I grew some this summer with the intention of doing that, but I never got around to tilling it under. It re-seeded like crazy, and there were all kinds of bees on it in the mornings when it was in bloom. Didn't seem to do much for the soil, though. And I couldn't really taste it in the honey.


----------



## Trithemius (Dec 29, 2008)

Early Morning Bee in Buckwheat 

Bees In Buckwheat


----------



## Swobee (May 18, 2007)

Thanks, all. Looks like I need to research what varieties my supplier has or can get. I think for no more than we're planting, the wildflowers, clover, etc. will all blend in for a diluted buckwheat varietal. Then, if we suffer another drought like last year, it won't really matter what I plant... Only one way to tell what the weather will be like and that is to experience it.


----------



## Michael B (Feb 6, 2010)

I cant speak for farming buckwheat because I only have room for a acre or two and I choose to plant native wildflowers but I have had buckwheat honey and it is love or hate taste. In my opinion it tastes a lot like molasses. I like it in moderation.
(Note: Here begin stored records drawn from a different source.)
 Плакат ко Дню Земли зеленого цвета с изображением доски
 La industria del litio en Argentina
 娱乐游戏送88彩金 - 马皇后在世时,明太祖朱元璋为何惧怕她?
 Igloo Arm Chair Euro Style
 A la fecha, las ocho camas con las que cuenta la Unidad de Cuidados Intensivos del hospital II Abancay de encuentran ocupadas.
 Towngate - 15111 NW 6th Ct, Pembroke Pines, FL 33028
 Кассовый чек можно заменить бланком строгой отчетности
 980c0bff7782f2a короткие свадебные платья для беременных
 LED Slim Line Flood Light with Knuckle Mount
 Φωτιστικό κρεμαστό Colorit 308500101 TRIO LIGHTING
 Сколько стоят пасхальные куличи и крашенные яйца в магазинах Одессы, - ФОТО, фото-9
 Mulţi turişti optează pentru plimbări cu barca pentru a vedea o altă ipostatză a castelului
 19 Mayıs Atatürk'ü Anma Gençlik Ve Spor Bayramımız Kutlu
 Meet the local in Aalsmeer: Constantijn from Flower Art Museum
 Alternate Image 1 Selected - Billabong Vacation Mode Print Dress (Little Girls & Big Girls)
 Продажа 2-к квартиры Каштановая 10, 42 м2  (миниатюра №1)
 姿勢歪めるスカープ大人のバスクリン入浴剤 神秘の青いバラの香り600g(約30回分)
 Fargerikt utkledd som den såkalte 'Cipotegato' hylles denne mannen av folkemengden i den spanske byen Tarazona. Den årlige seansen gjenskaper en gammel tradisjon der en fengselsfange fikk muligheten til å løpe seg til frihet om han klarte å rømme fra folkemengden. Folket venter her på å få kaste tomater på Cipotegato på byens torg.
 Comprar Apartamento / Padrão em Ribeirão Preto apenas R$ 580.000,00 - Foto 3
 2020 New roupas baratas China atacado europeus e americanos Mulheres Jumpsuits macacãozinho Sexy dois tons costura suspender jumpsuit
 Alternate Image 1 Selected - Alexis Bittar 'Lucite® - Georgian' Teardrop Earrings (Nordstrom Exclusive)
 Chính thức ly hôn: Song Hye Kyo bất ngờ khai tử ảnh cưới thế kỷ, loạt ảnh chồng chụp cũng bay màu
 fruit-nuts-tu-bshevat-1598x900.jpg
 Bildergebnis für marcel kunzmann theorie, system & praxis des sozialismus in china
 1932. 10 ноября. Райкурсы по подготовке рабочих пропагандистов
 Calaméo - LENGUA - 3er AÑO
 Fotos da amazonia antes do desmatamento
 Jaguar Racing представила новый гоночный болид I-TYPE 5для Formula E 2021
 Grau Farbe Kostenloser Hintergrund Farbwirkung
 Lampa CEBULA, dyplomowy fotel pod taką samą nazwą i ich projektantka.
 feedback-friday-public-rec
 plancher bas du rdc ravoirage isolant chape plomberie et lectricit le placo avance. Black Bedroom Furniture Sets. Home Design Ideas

Buckwheat honey is in very high demand. My local commercial beek has placed ads for farmers with buckwheat fields to contact him. We don't have a good local supply of buckwheat, mostly in New York state.


----------



## carbide (Nov 21, 2004)

I've grown buckwheat for my bees for the last five years. From those five seasons I've had 3 good crops of buckwheat honey, 1 so-so crop of buckwheat honey and 1 year I had no buckwheat honey at all. It's not that the bees didn't harvest the nectar during that year, it's just that the buckwheat was the only flowers that the bees were able to get anything out of and therefore they used it all up before I could get any myself.

I always specify "Mancan" buckwheat when I buy seed as this is the "common" variety and has always produced nectar for my bees. It normally takes about 3 weeks for the plants to grow to their flowering stage which normally lasts for 5 to 6 weeks. I've never tried "Manor" variety and can't comment on whether or not it will produce nectar for your bees.

Buckwheat honey is very strong and some people just don't like it but I have enough customers that absolutely love it that they anticipate my harvesting it and are normally waiting in line to buy it. I've never had any left over after a month or so.


----------



## TWall (May 19, 2010)

Carbide,

How much buckwheat do you plant? And, how much honey do you get per hive?

Tom


----------



## Countryboy (Feb 15, 2009)

An acre of buckwheat can yield 10 pounds of honey per day in good conditions.


----------



## walking bird (Mar 2, 2008)

We have California Buckwheat (erigonum fasciculatum foliolosum) growing maniacally throughout the chaparral hills where I have my bees, and they absolutely love it. I have to admit I haven't noticed that they stop foraging on it in the afternoon... seems to me I've seen them at all times of day, but maybe not.

Around here, the buckwheat usually gets mixed with what's left of the sage flow, some sumac, and both wild and domestic lavender, among others, so it's not quite as strong a mix as pure buckwheat. I like it better that way. I sell it as "Buckwheat and Wildflower," and it sells out immediately.


----------



## mnflemish (Jun 7, 2010)

I did read somewhere about different varieties of buckwheat have different nectar flows. And one had a very good day nectar flow. So you lucky dog, you have the good stuff. You will have to save some seed for the rest of us!! Hee Hee My buckwheat definately quits by noon. My feed store doesn't even know the variety buckwheat they sell, it's just buckwheat!
Carol


----------